▸ What this task involves:
All that is needed is the lines from the one containing "Mandarino e kiwi" through the end of the listing, printed exactly, with no pictures among them.

▸ Material provided:
== Segment start ==

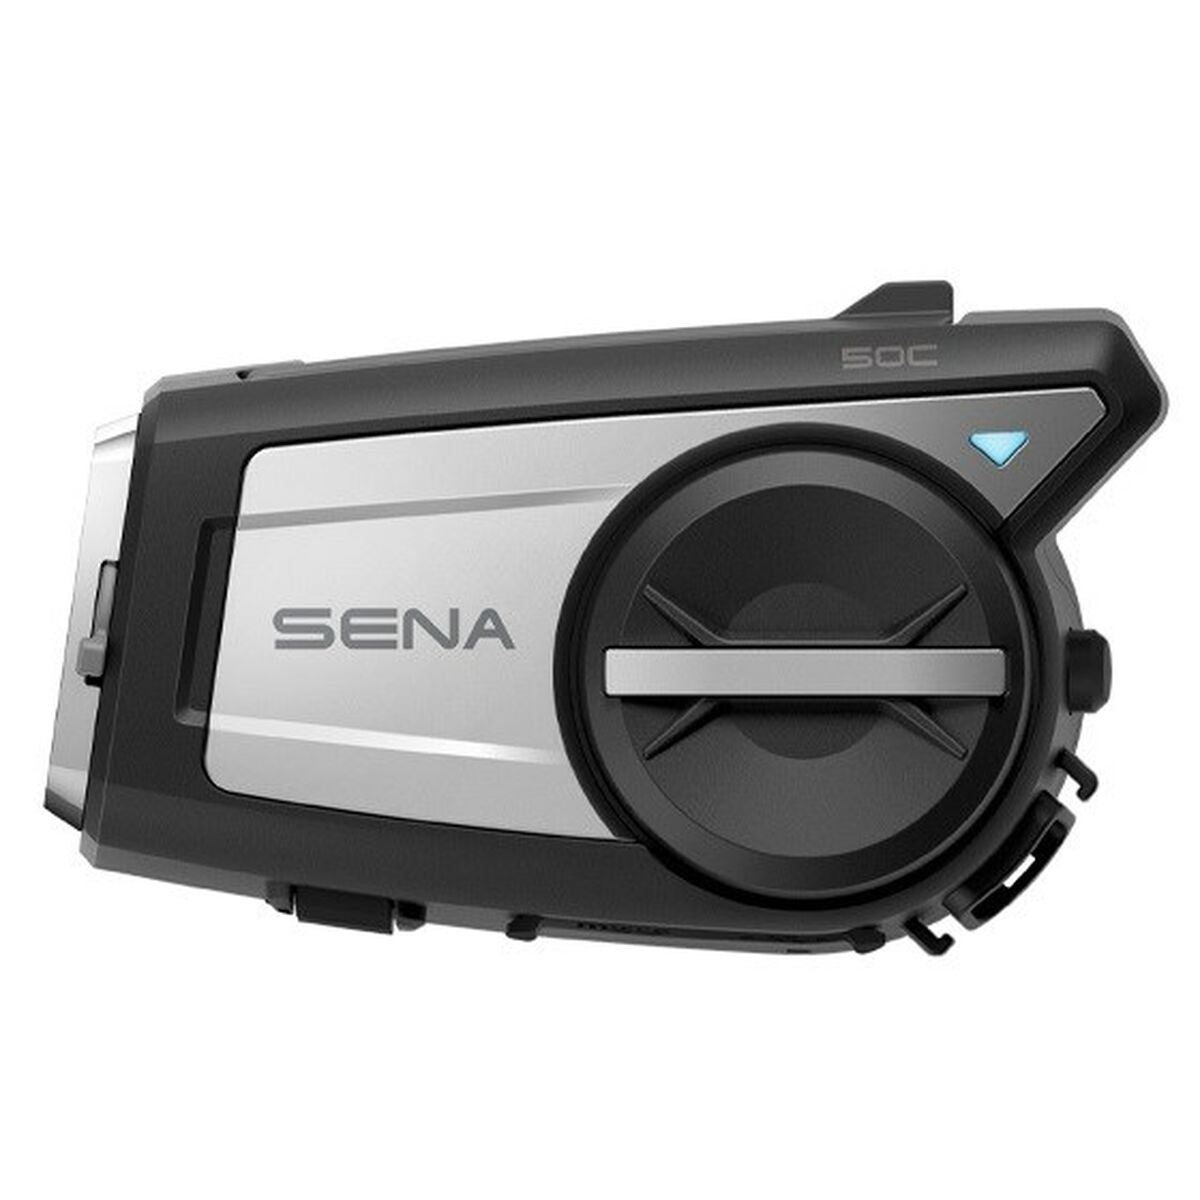 Intercom Sena 50C 50C-01 LED-scherm
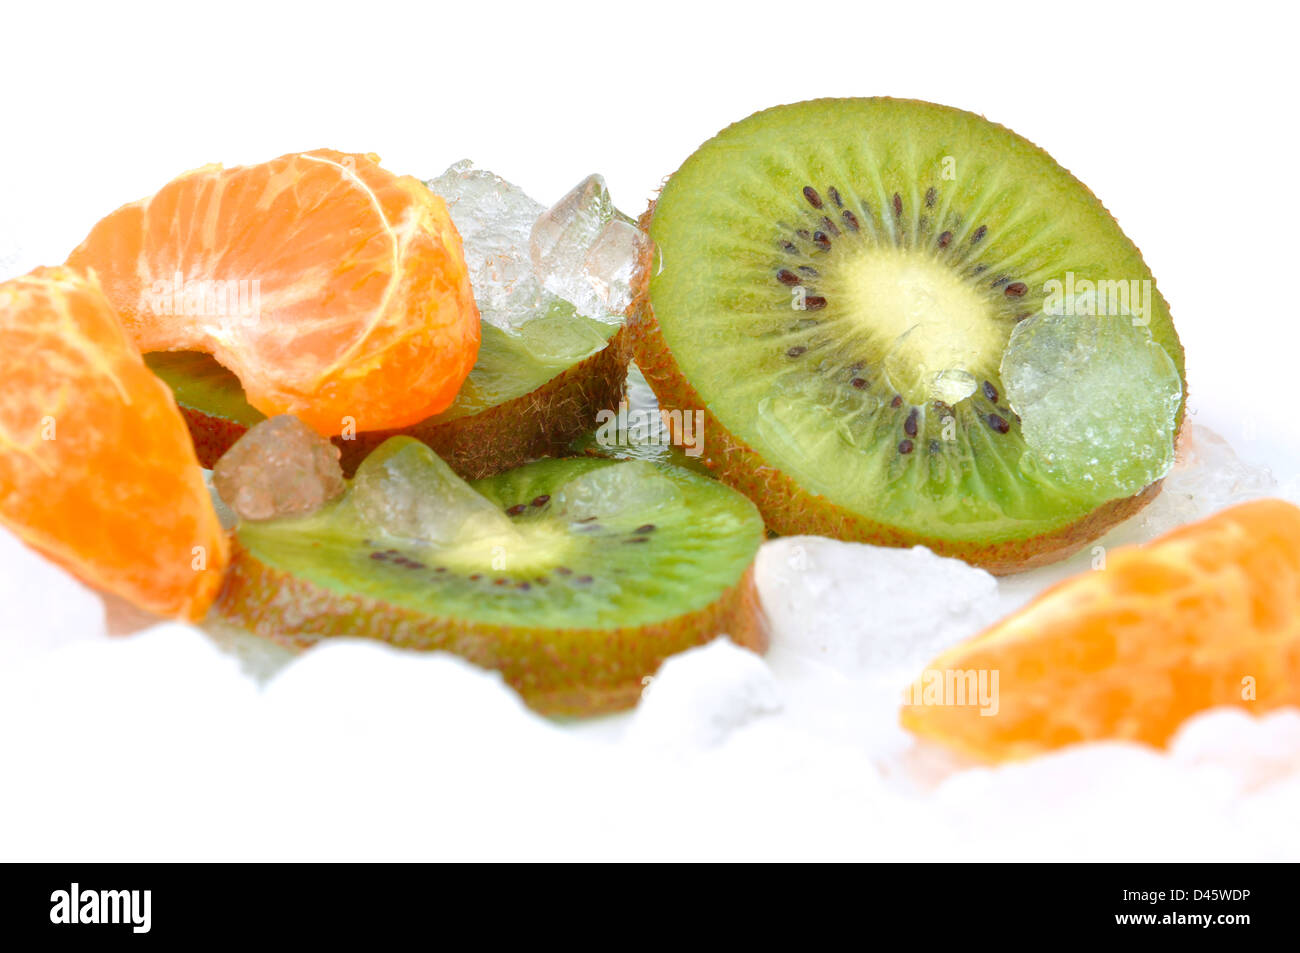 Mandarino e kiwi le fette su ghiaccio tritato Foto Stock
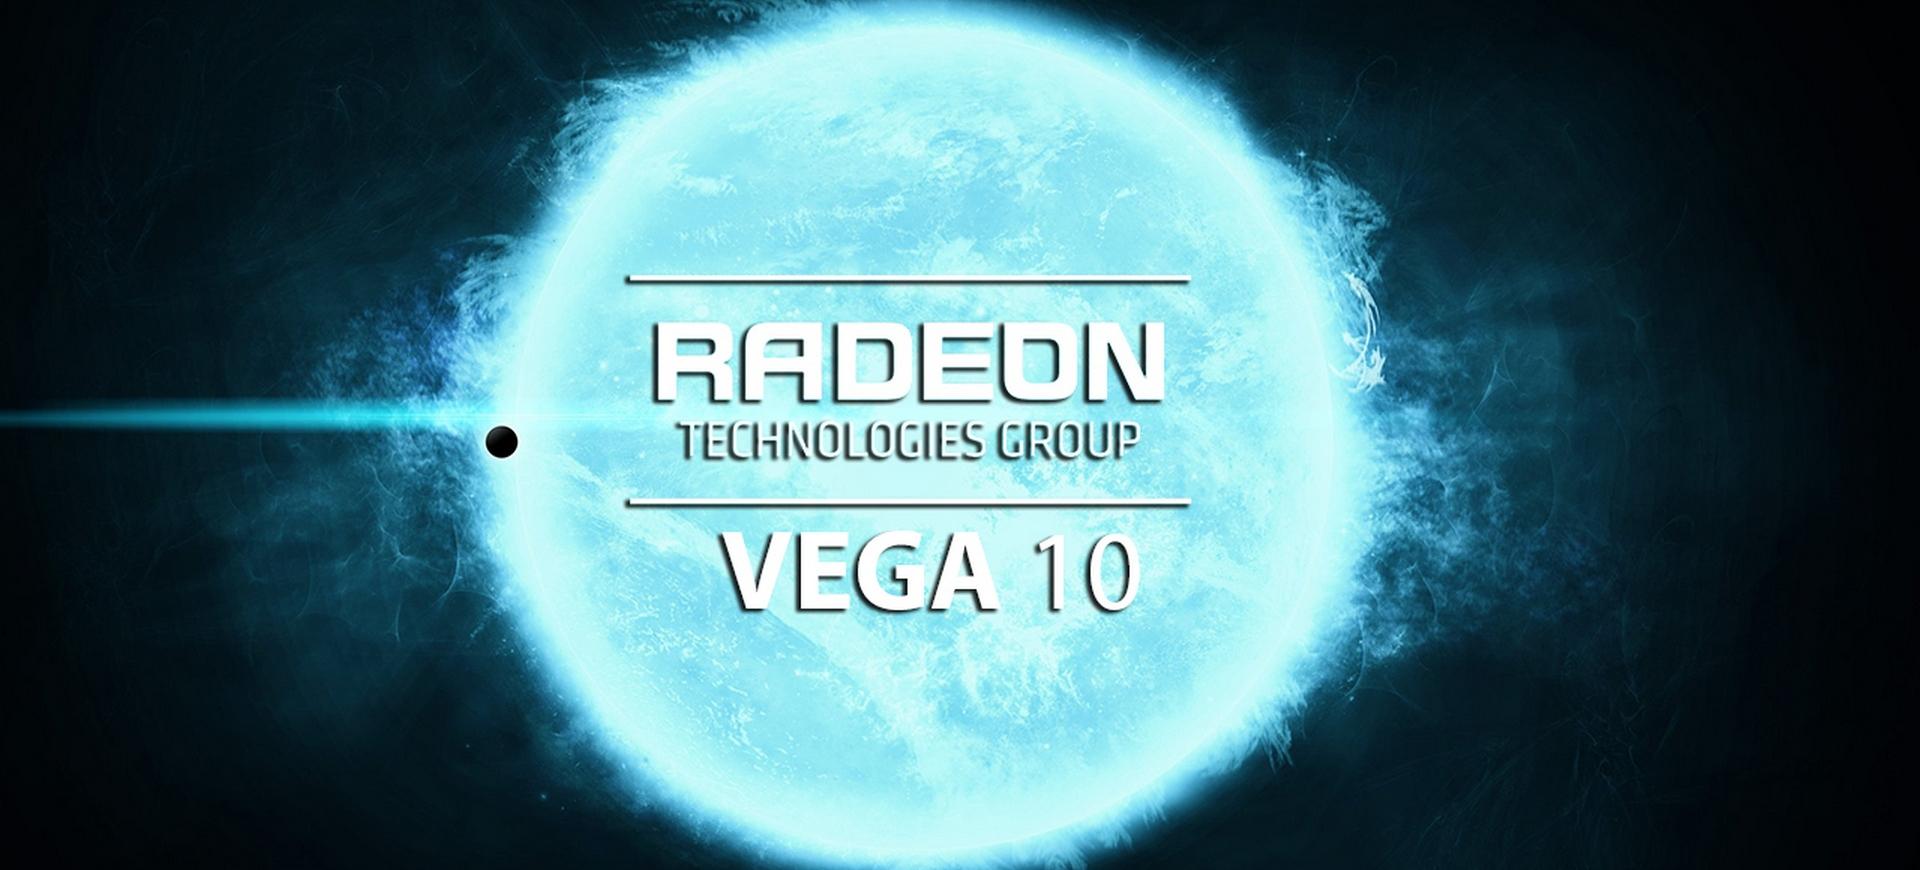 AMD có thể cho ra mắt vi xử lý đồ họa Vega 10 vào năm 2017

== Segment end ==

▸ Solution:
 Mandarino e kiwi le fette su ghiaccio tritato Foto Stock
 AMD có thể cho ra mắt vi xử lý đồ họa Vega 10 vào năm 2017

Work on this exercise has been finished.